What you give back should be exactly the lines from the one with "Golf course in Bermuda Stock Photo" through the final line of the material, pictures removed; please add nothing.

- Information provided:
====================

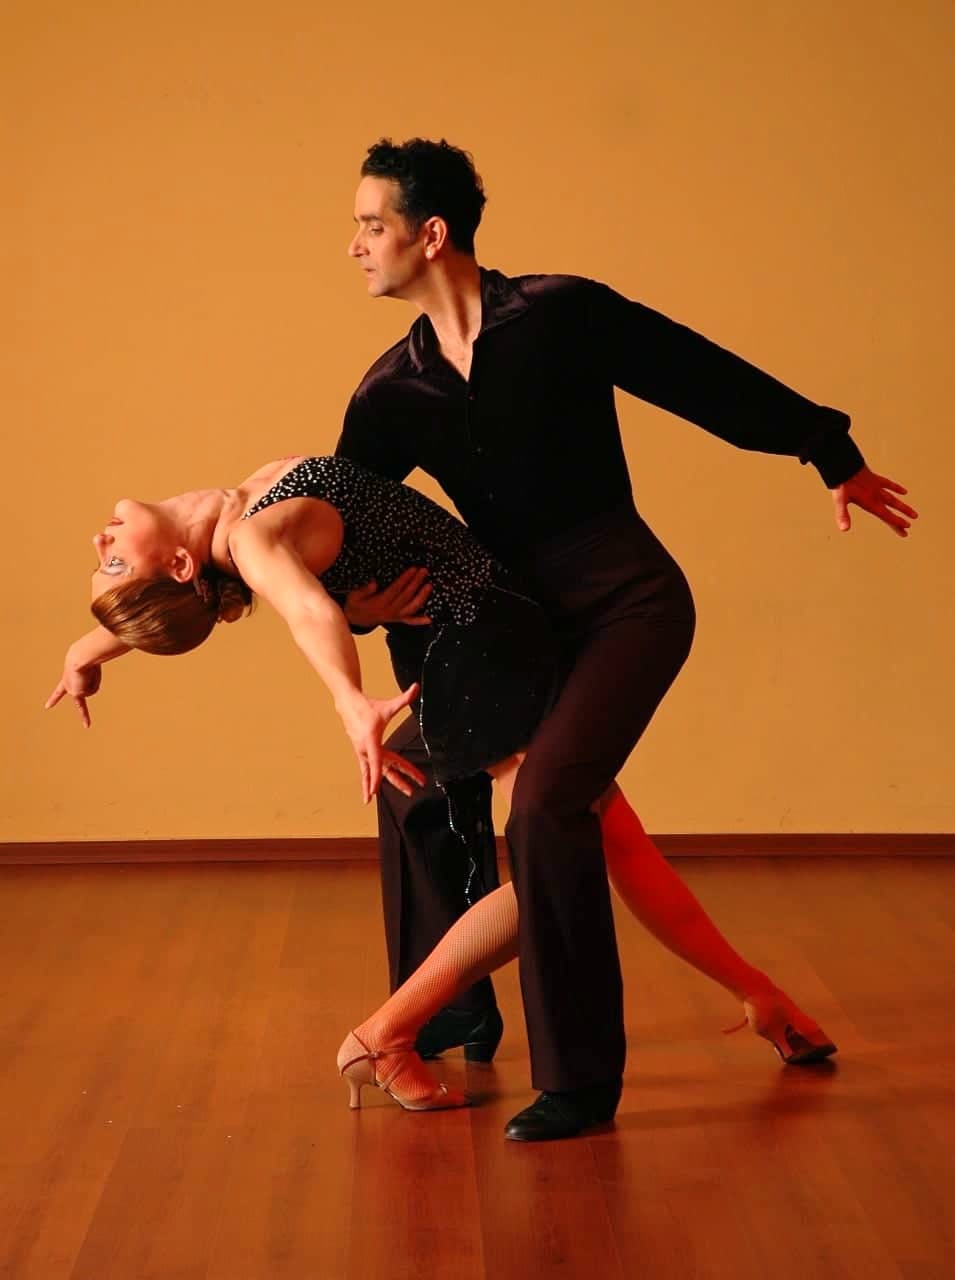 Dance,Performing arts,Dancer,Entertainment,Dancesport,Choreography,Tango,Latin dance,Salsa dance,Ballroom dance
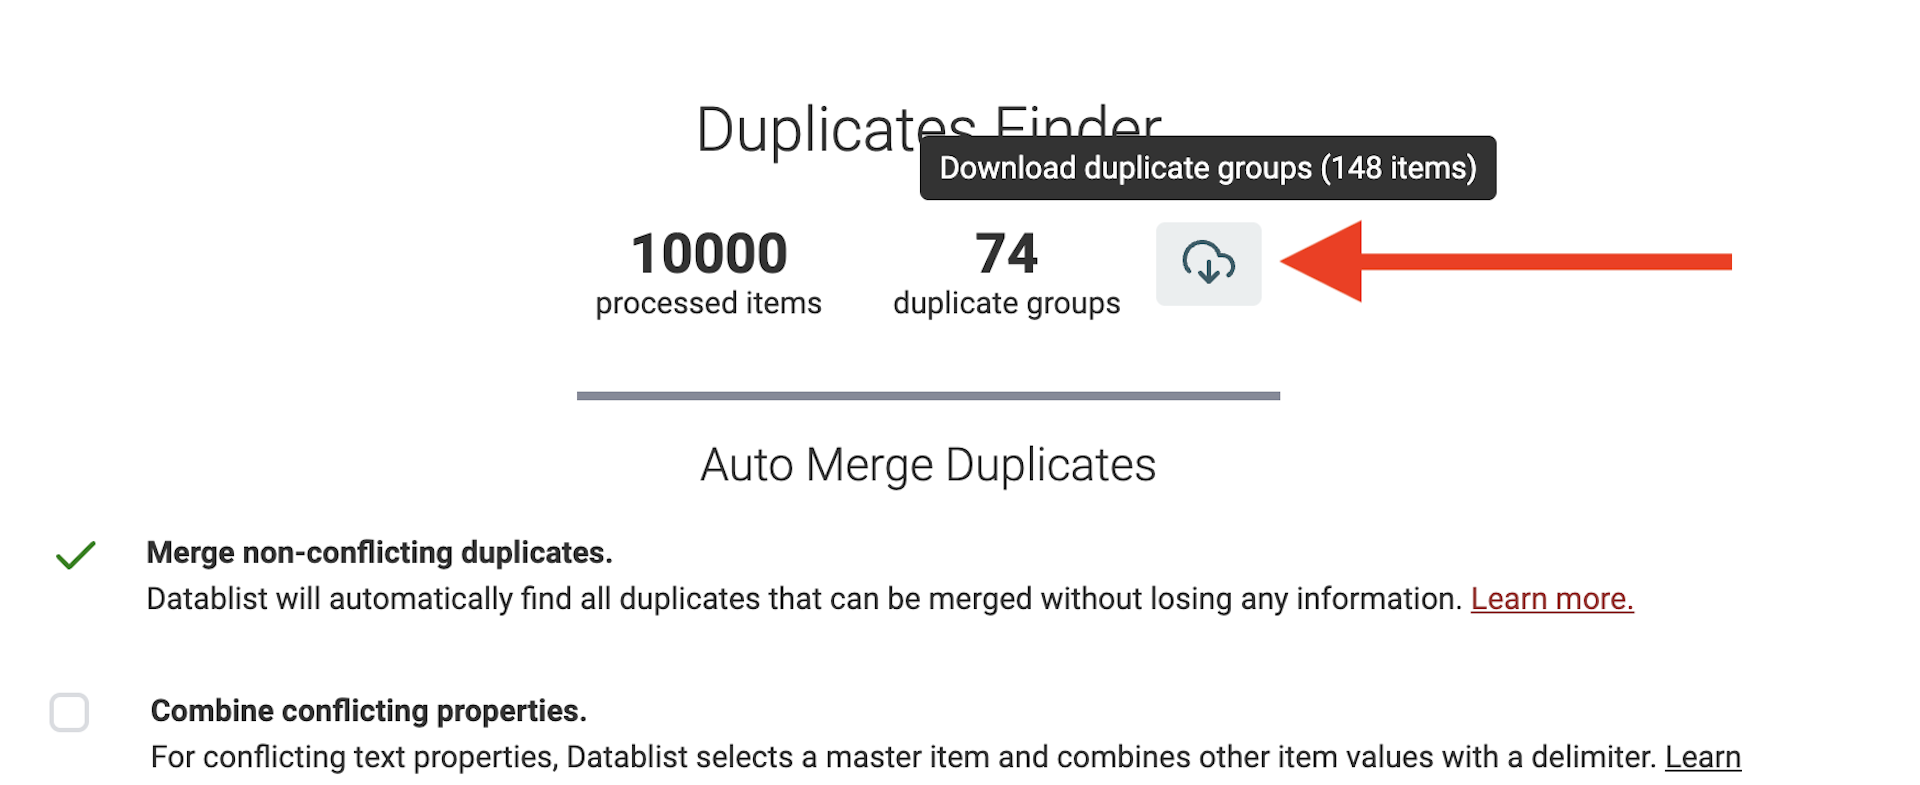 Download duplicate groups
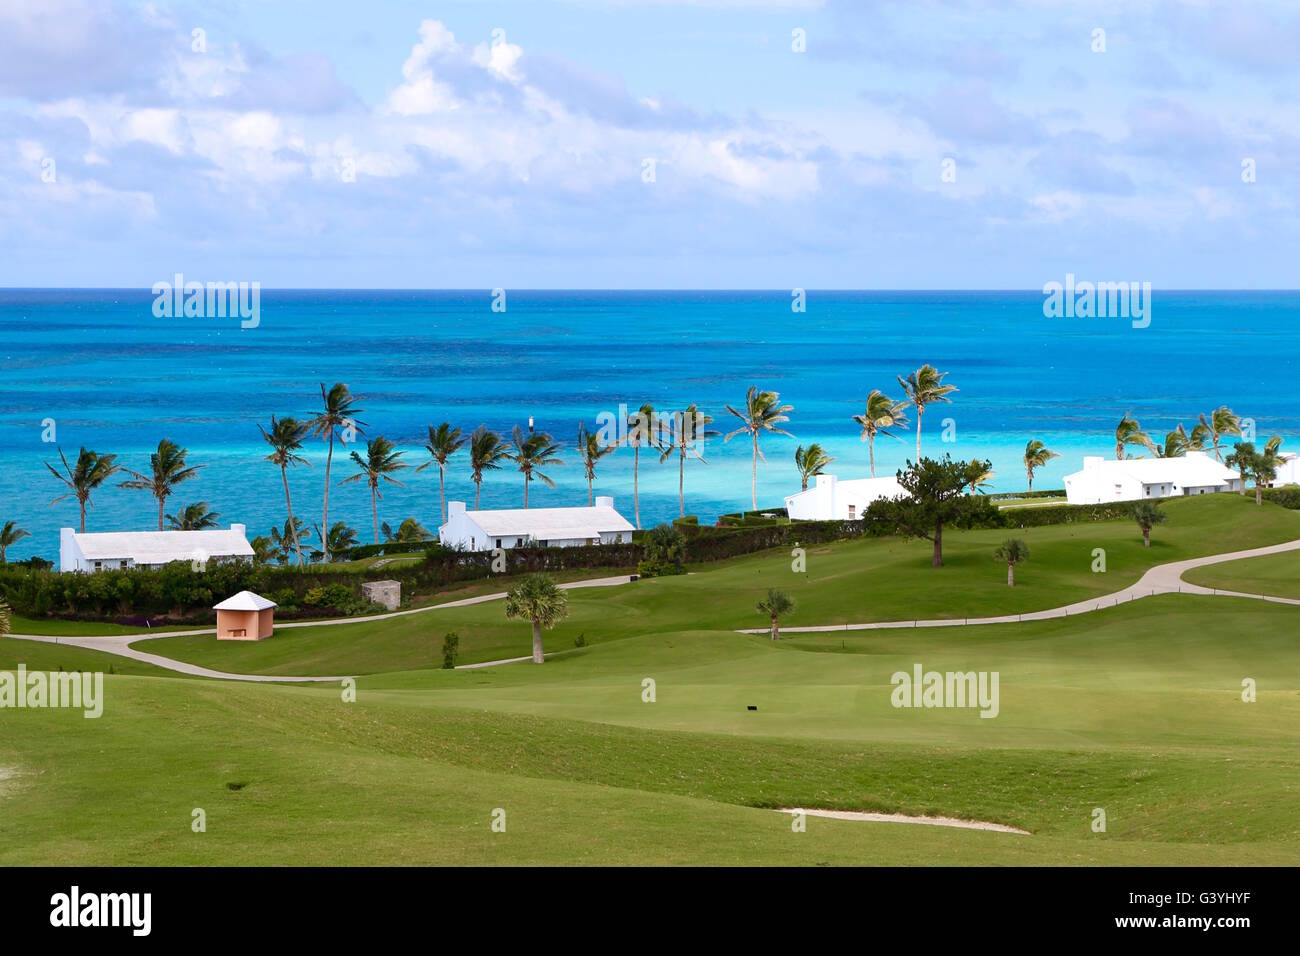 Golf course in Bermuda Stock Photo
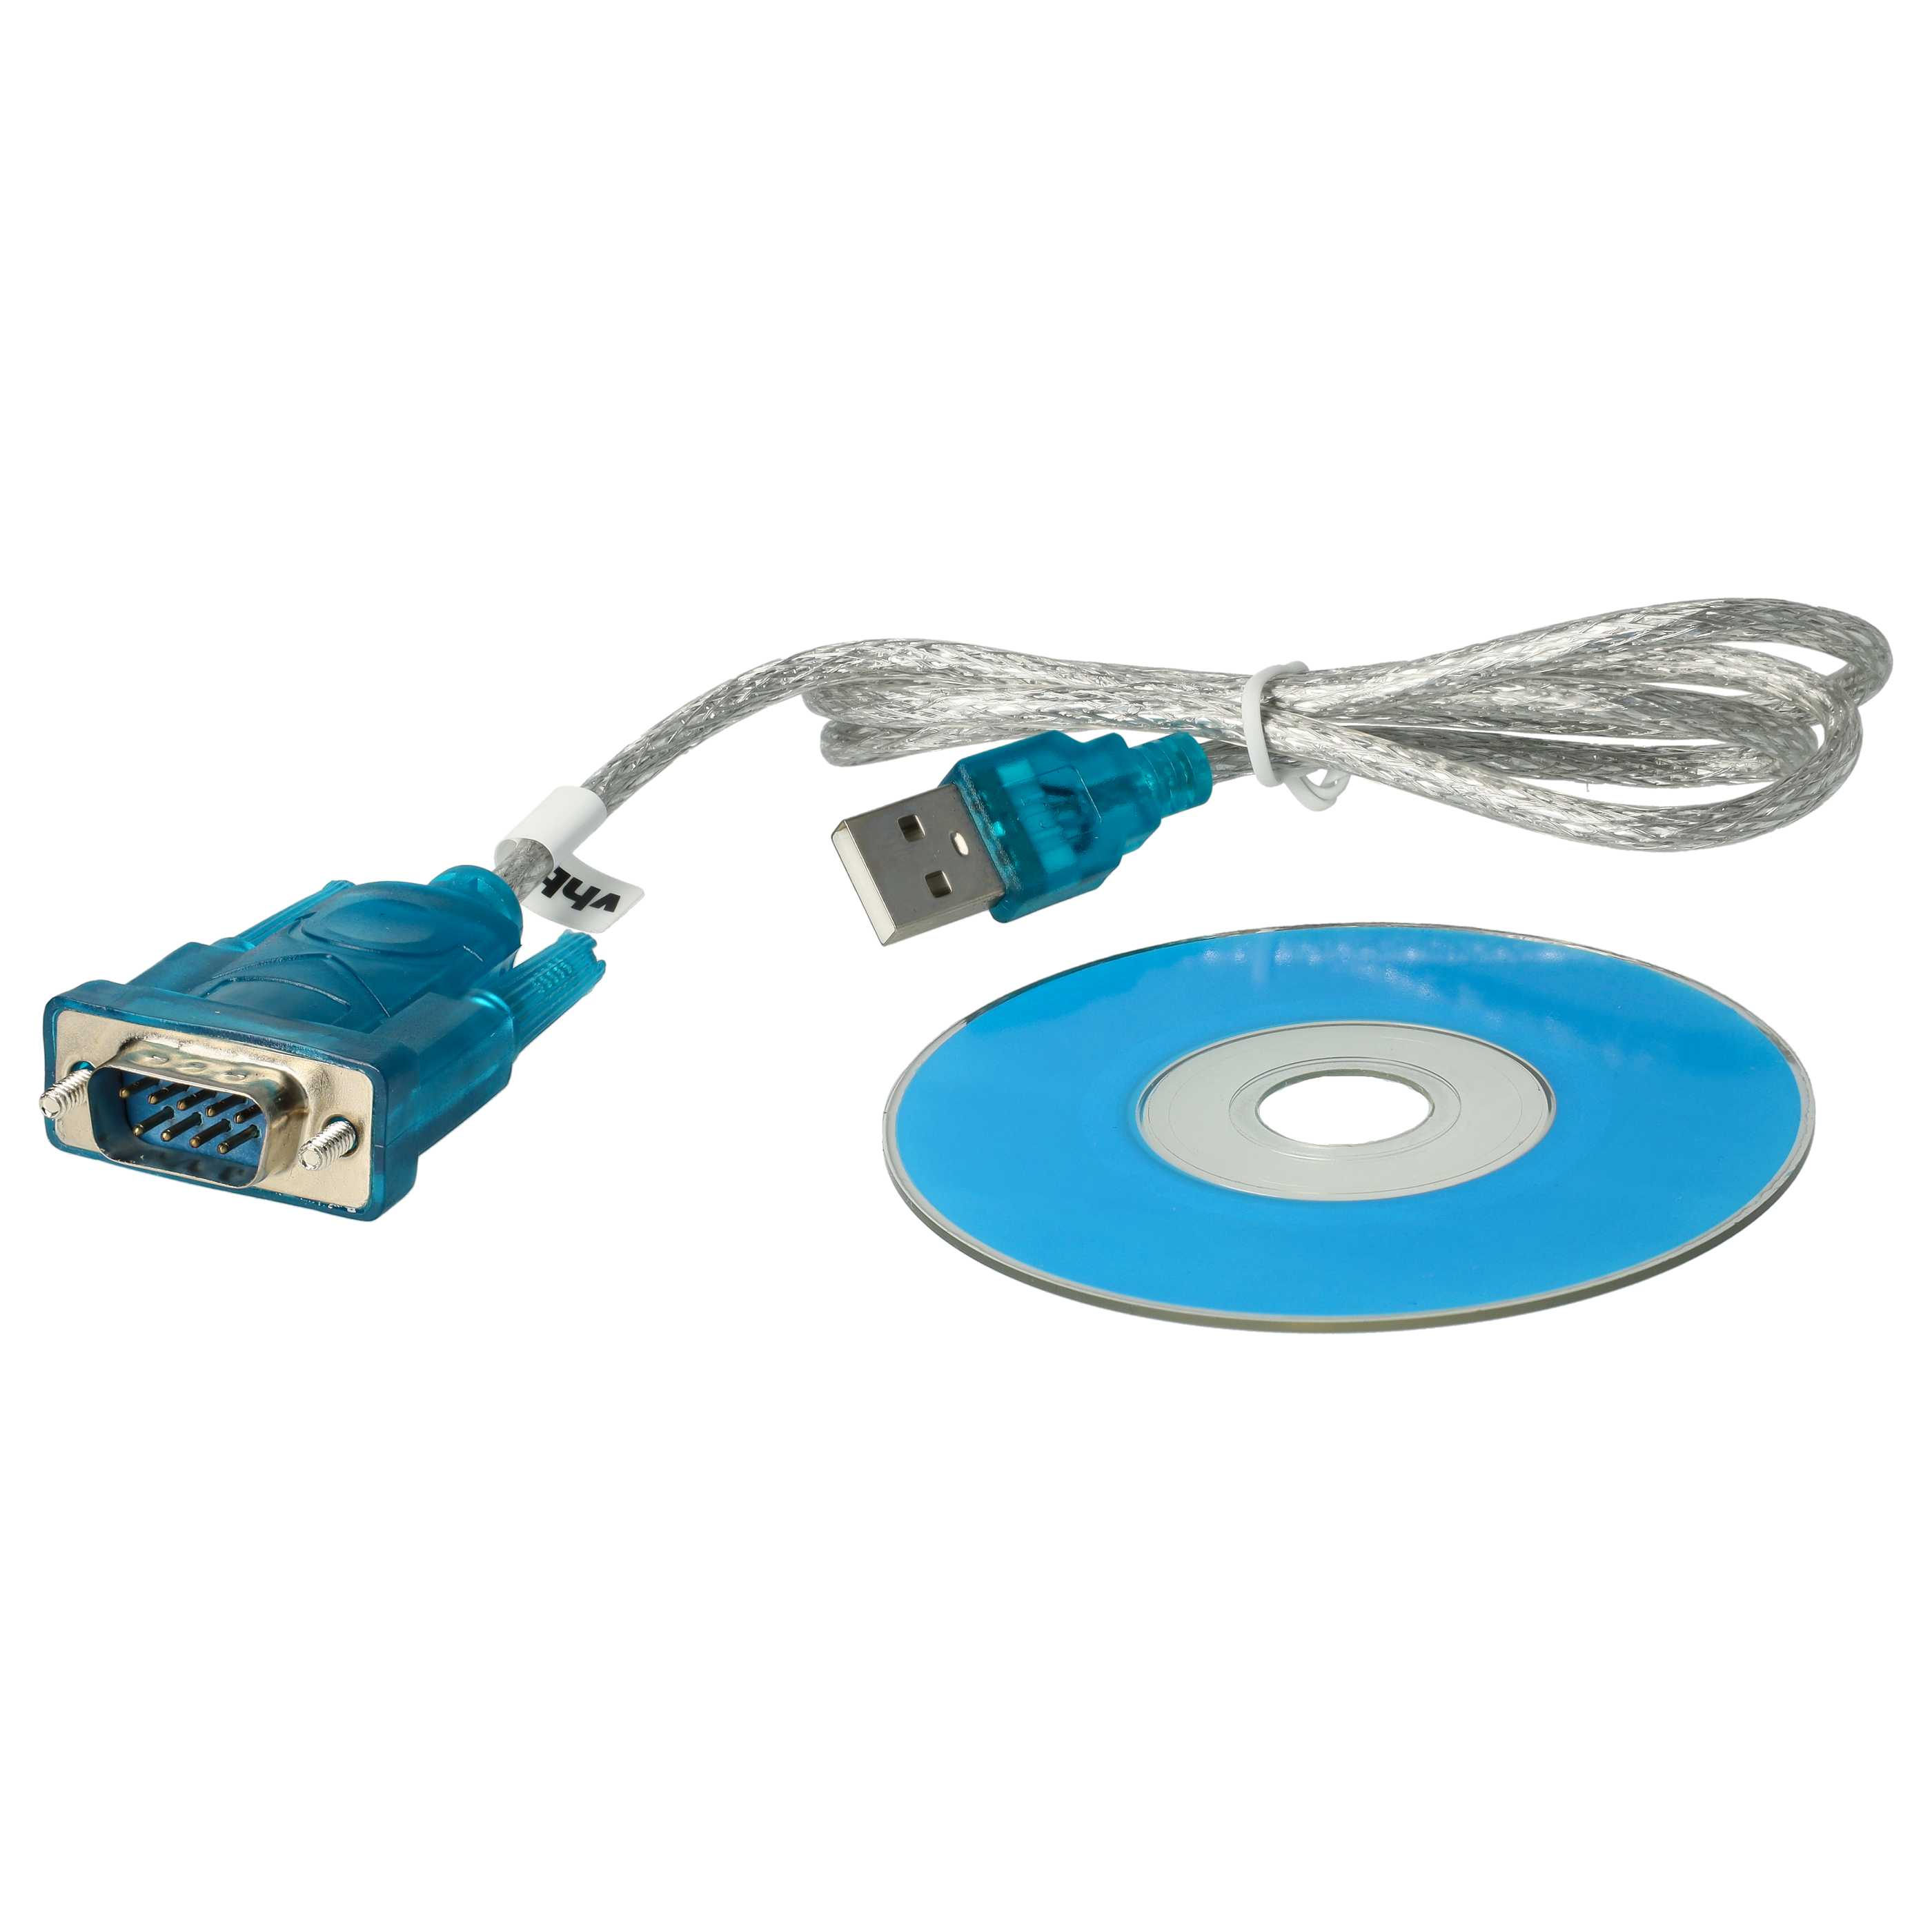 vhbw USB 2.0 auf Seriell Adapter für Desktopcomputer, Laptop - USB-RS232 Adapterkabel, 80 cm

====================

- Answer space:
 Golf course in Bermuda Stock Photo
 vhbw USB 2.0 auf Seriell Adapter für Desktopcomputer, Laptop - USB-RS232 Adapterkabel, 80 cm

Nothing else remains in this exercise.